Rbosaghz writeup of Dan Roth Talk
Roth_2009_Talk by user:Rbosaghz
Constrained Conditional Models
Of the major points of interest in this talk was the difference between features and constraints. While mathematically equivalent in most models, the difference between features and constraints was highlighted as local versus global, respectively. Prof Roth started with several examples of learning problems where local features were not enough and a more global perspective was required. For example, in a picture were presented several people, but their body parts were hidden behind one another, making it difficult for a vision learner to figure out the number of people in the picture, because it was not enough to look for specific body parts (e.g. faces alone). One had to look at all available information in the picture to realize there were 5 people present. Similar problems arise in natural language, and more examples were shown for the semantic role learning task.

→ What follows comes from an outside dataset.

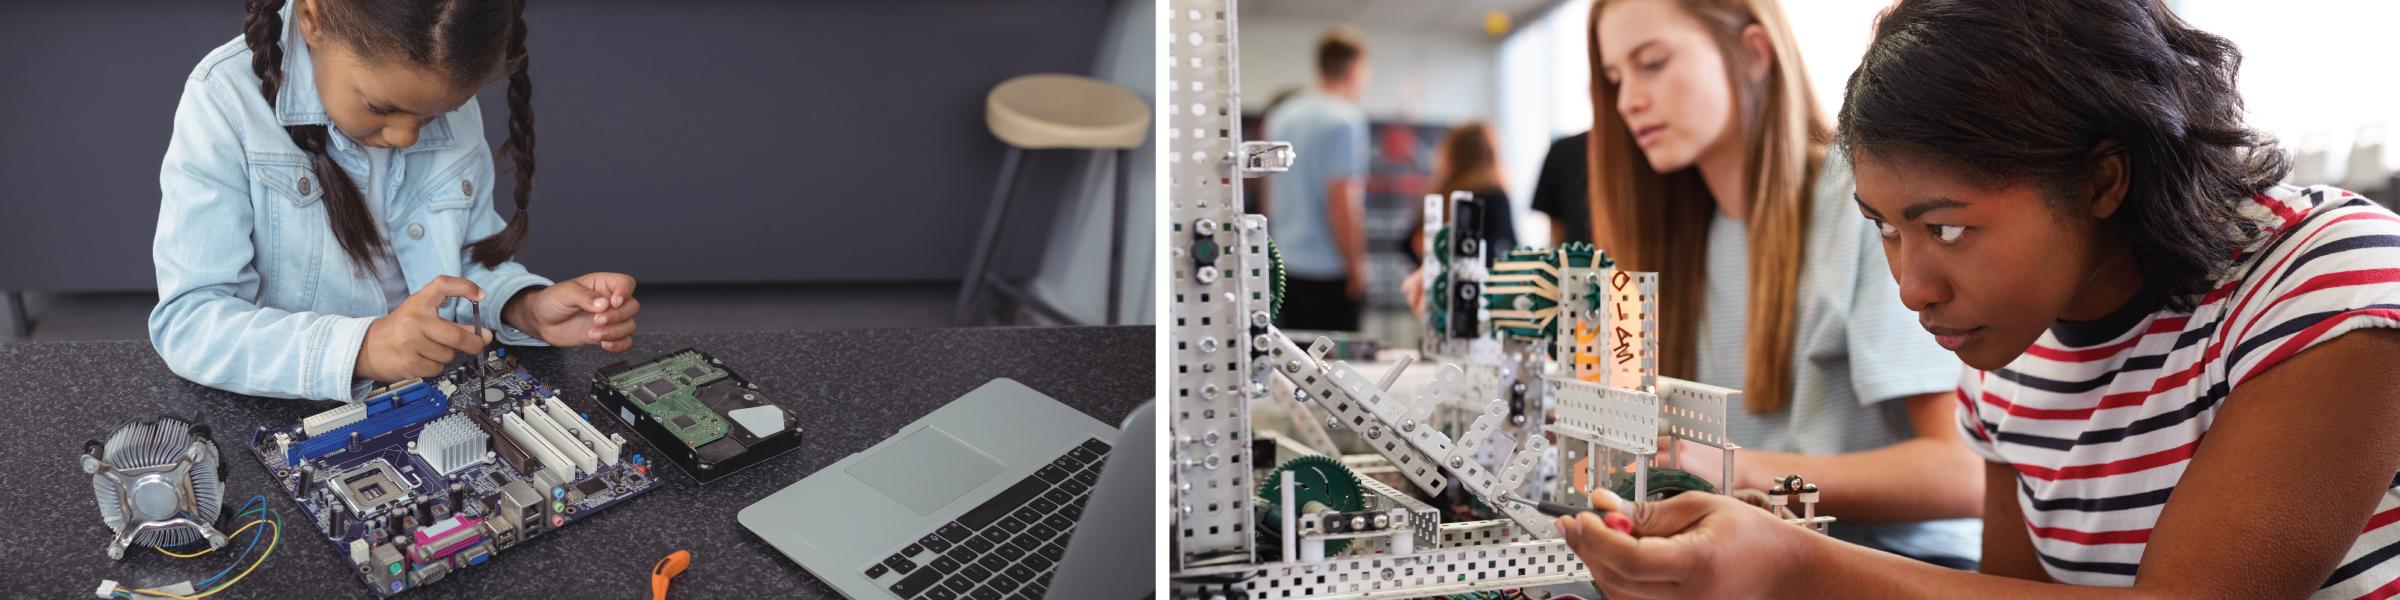 Female-Robotics-Engineering-Photos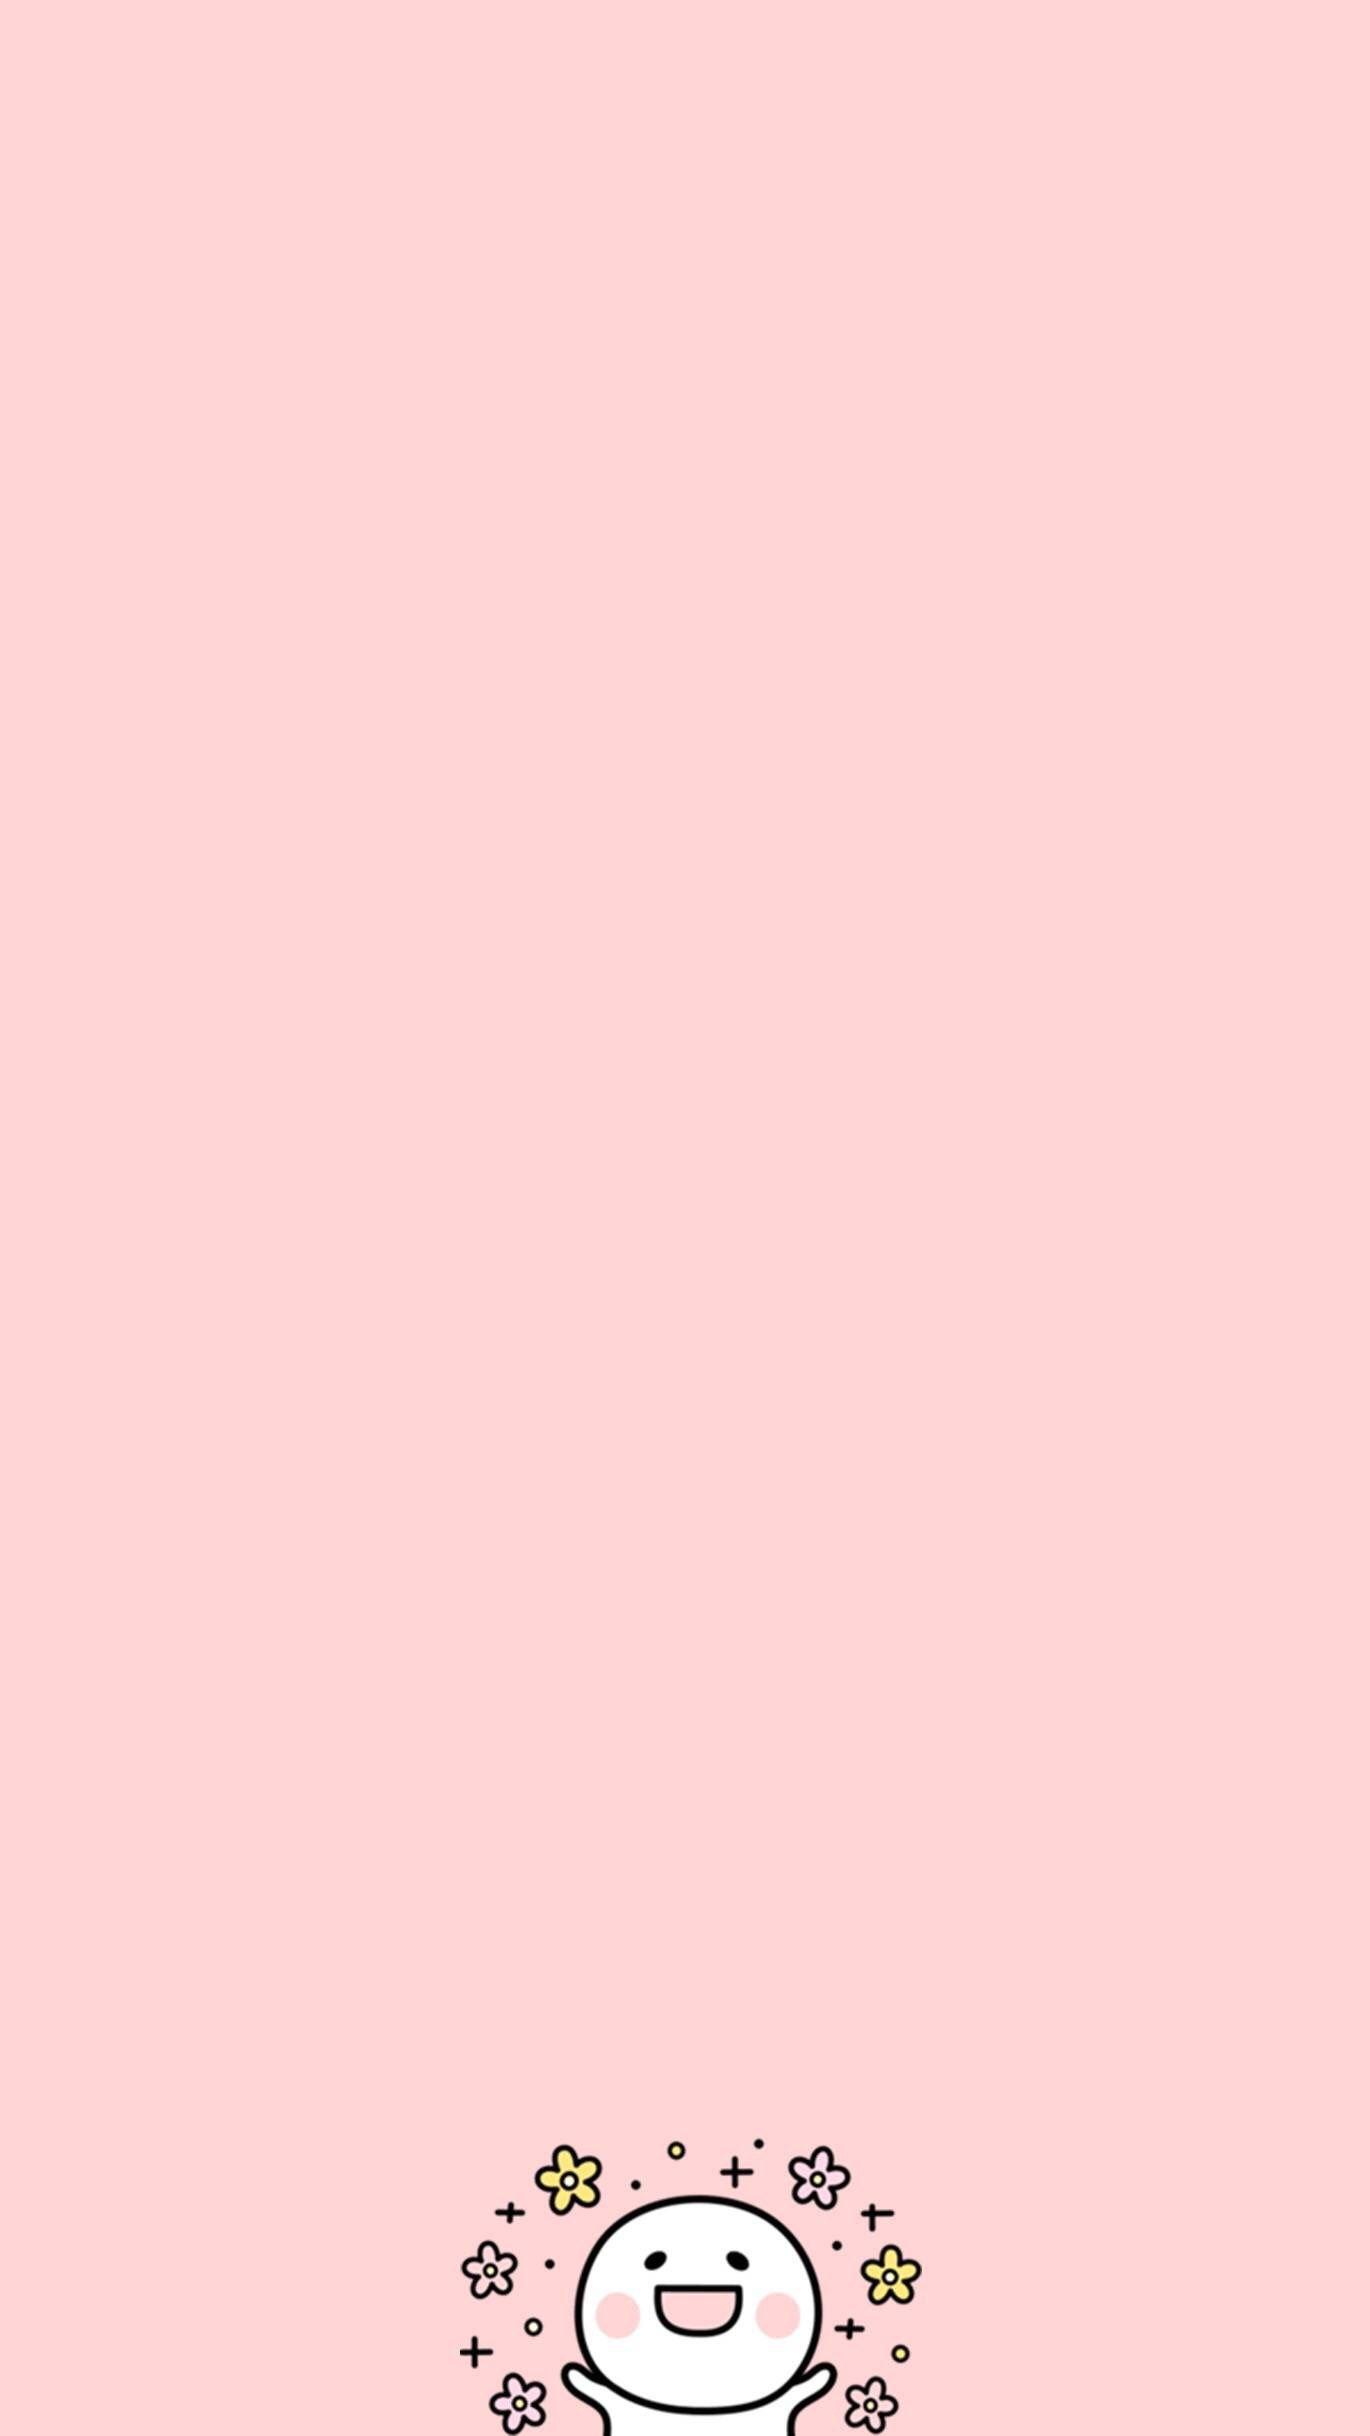 Nuances De Couleur Rose Fond D Ecran Cellulaire 86 Inspirations De Fonds D Ecran Pour Wallpaper Iphone Cute Cute Tumblr Wallpaper Cute Cartoon Wallpapers

In some cases to respect the constraints, it was necessary to turn some optimization problems into Integer Linear Programs (ILPs), where the objective was to minimize the contradictions caused by the constraints. These ILPs were solved using commercial solvers, and while being an NP-Hard task, were still tractable at the levels Prof. Roth was using. I particularly liked this approach as it can be clearly extended to other tasks where ILP can help enforce global constraints.
By applying constraints during inference, Prof. Roth presented examples where constraints can improve performance in tasks such as semantic role learning,information extraction tasks, and transliteration. Prof. Roth also pointed out the benefits and drawbacks of using pipelines in NLP tasks, and the benefits gained from merging two consecutive steps of the pipeline.
What I specifically liked about this talk was that although we may think global features are almost always going to make inference take more time, in the the case of some of the models shown in this talk, adding constraints made inference two orders of magnitude faster, while improving quality.